オカンって恋愛対象にならない人物じゃない。それじゃあ男子みんな、私をオカンとしか思わないって事だし。
ってあれ、考え過ぎか?
茅「オカンなー」
蒼生「待って、その、茅兄のオカンって大根抱えたパンチパーマの丸っこいお母さんを想像しちゃうんだけど」
茅「ほう。

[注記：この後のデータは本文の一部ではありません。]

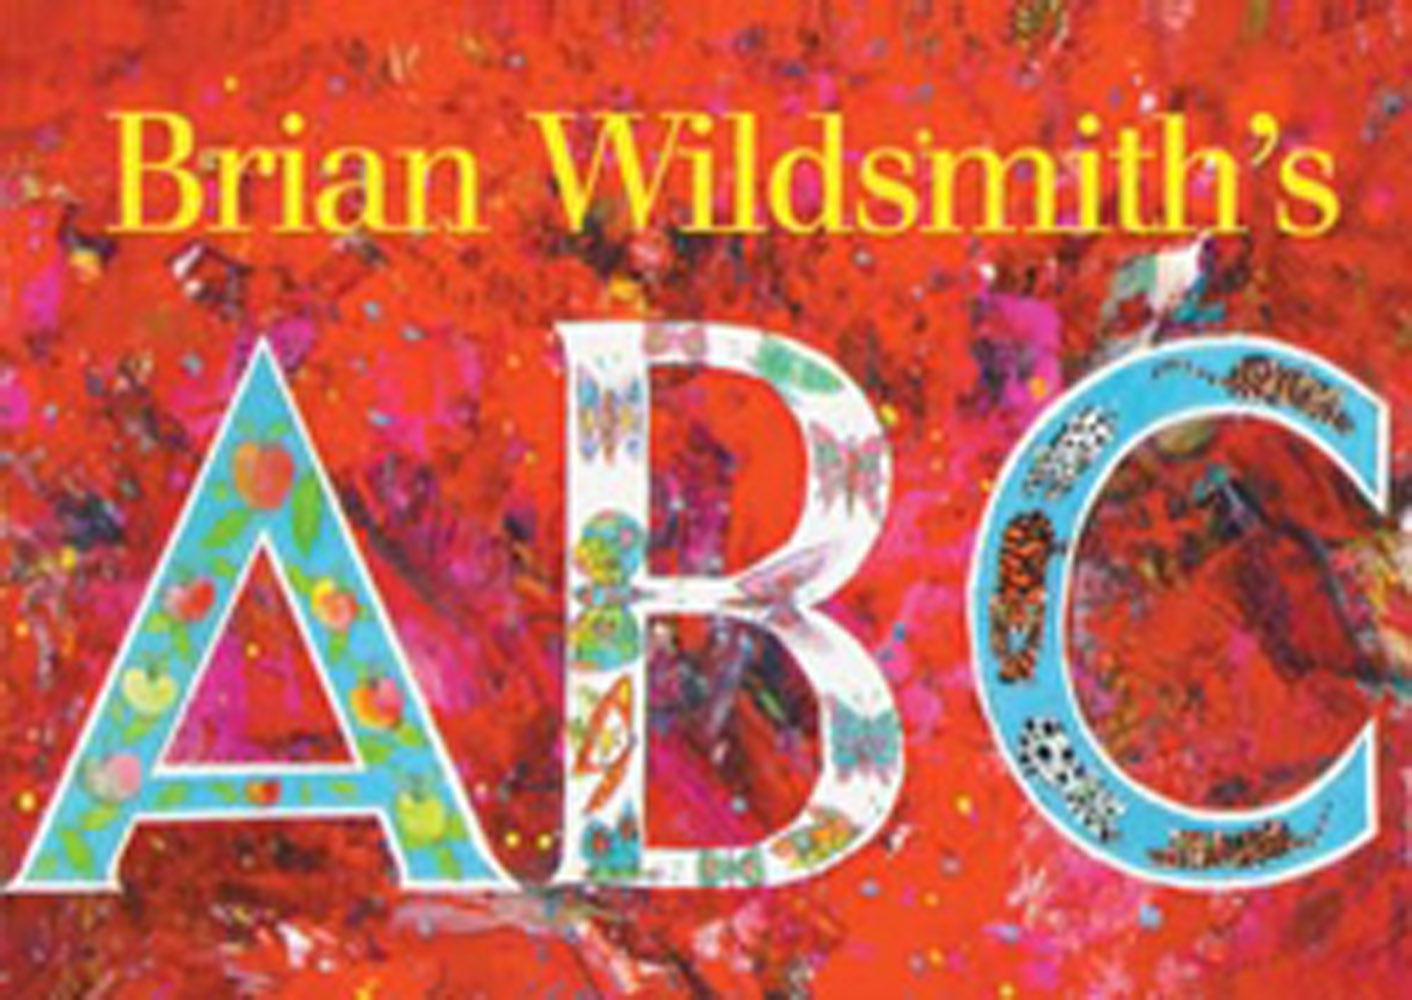 Brian Wildsmith's ABC
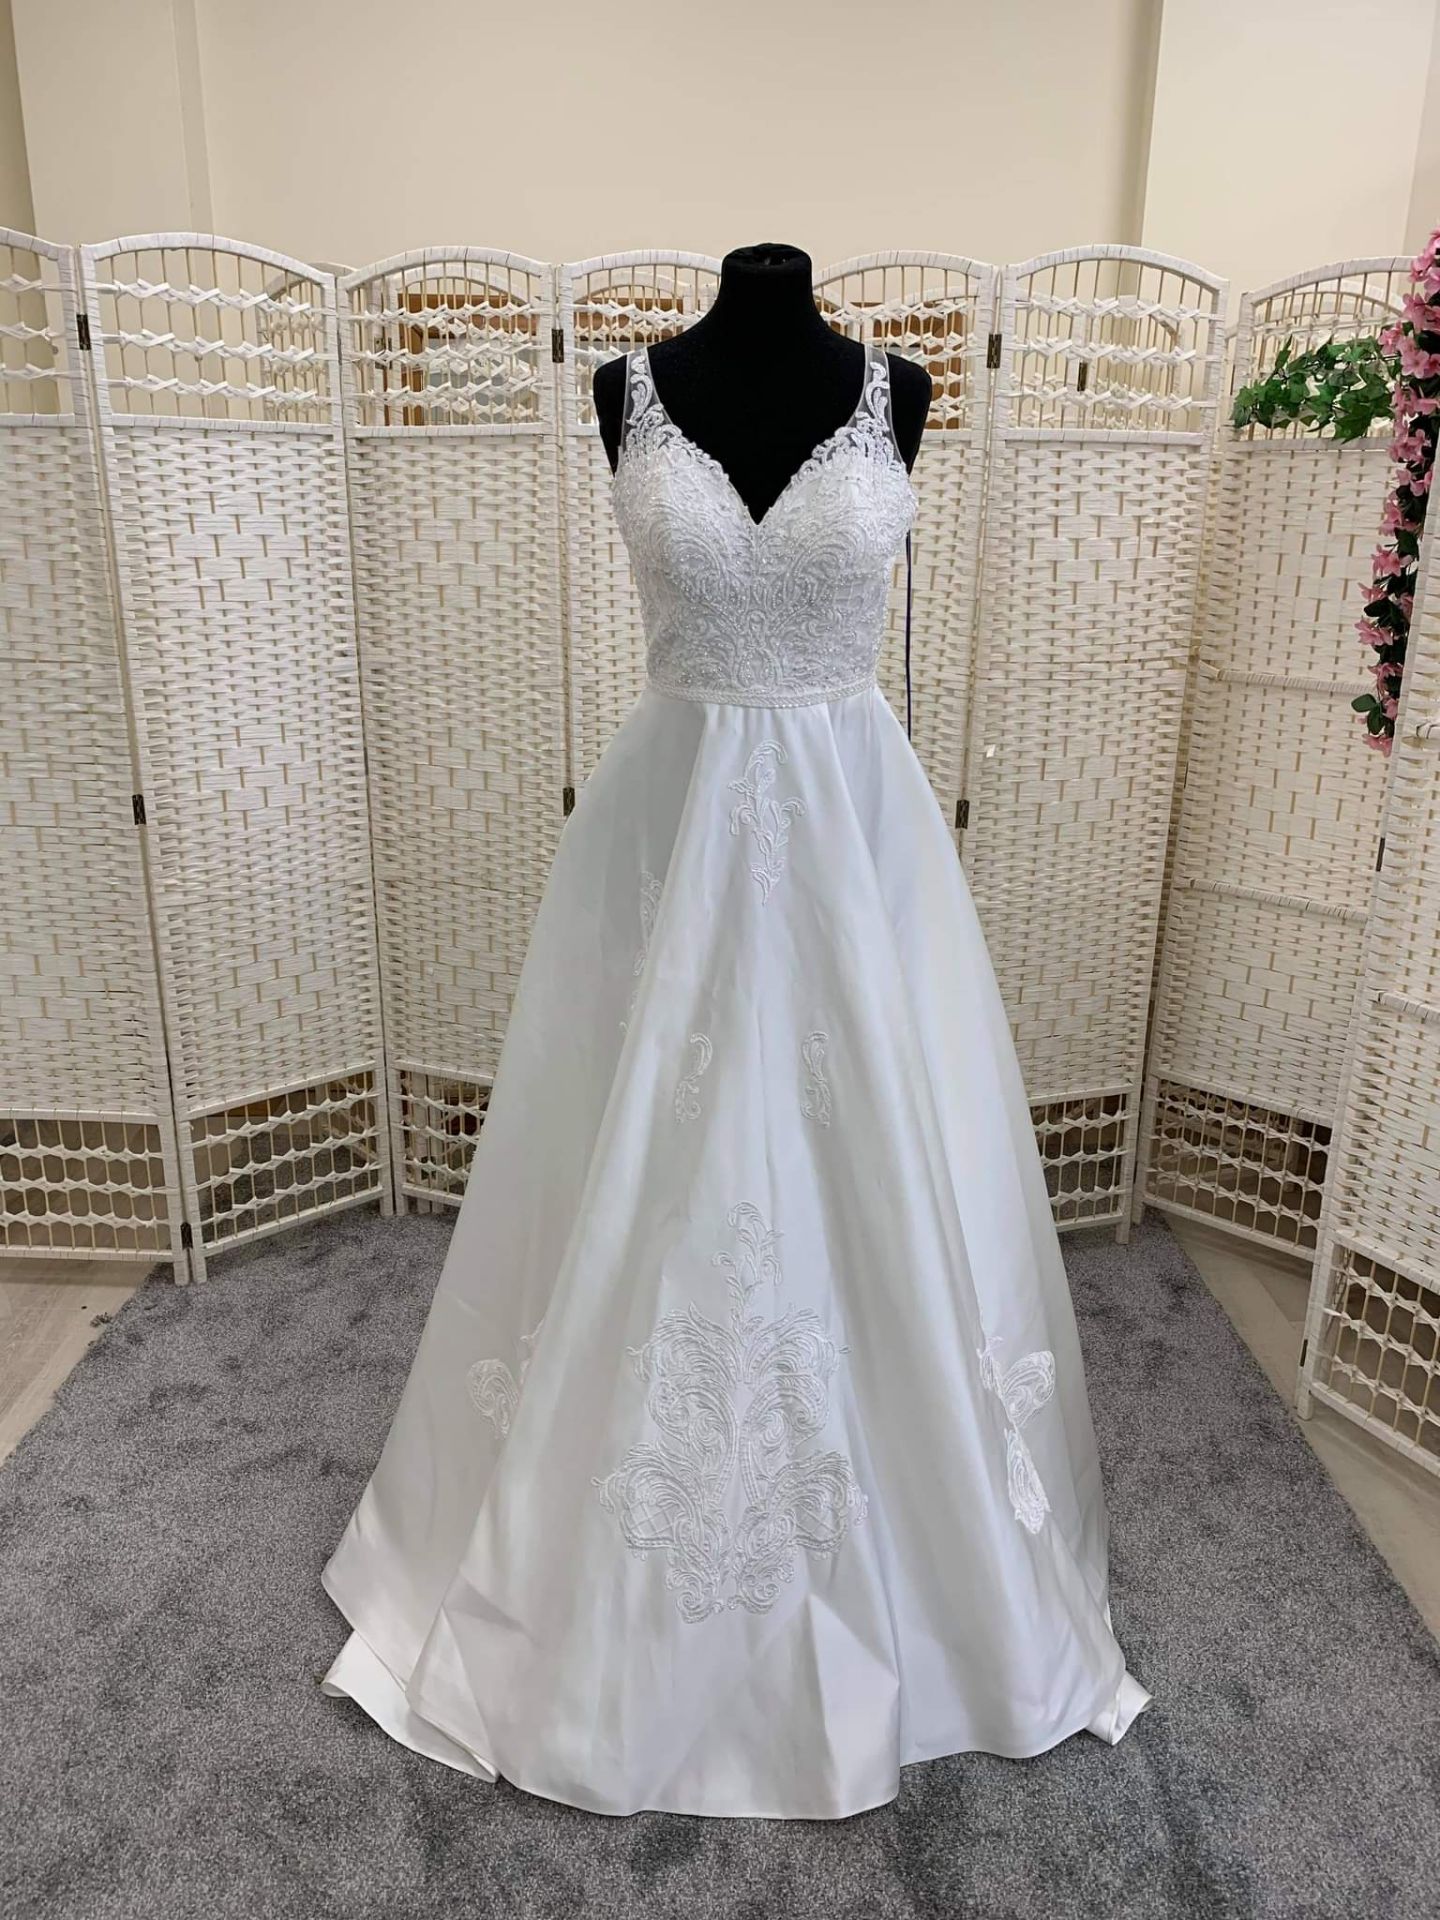 Ladybird Bridal wedding dress size 10 LB520028 RRP £1,495 - Image 8 of 10

ってどんなマザーやねん!」
オカンからマザーに変わってますけど!?
満「プアハハ」
『え、今の面白かった?』
口元に手のひらを丸めて笑う満に目が点になる。
茅「どうやら満ちゃんのツボには、ハマったみたいやな」
満「だからちゃんをつけるな!」
茅「おー怖っ」
そうがやがやする二人。
蒼生「ふっふふーん♩」
私は白銀の髪を揺らしながら前を歩く蒼生兄を見た。
紺色のブレザーに、鼠色のズボン。
すらっと着こなす彼は軽快よく歩く。
そんな蒼生兄は極度の野菜嫌いだからな。
本当、キャベツ、レタスも嫌いだし
トマト、人参、セロリ……ああ、挙げたらきりがない程いっぱいある。
果たして彼にどうやって野菜を提供しようか。
「ねぇ見てー今日もイケメンだわ」
ん?
「めっちゃカッコいいよね!私茅くんのファンなんだよね」
「カッコいいもんね。でもやっぱり私は蒼生くんだわ」
「いやいや!可愛い顔した満くんでしょ!」
何処からかそんな声が聞こえてきた。
そうか、もう学校近くか。
また入学して半月だけど、だいぶ慣れて来たな。ま、相変わらず学園内にある桜の木はまだピンクの葉を残しているけど。
ーーって今日日直だった!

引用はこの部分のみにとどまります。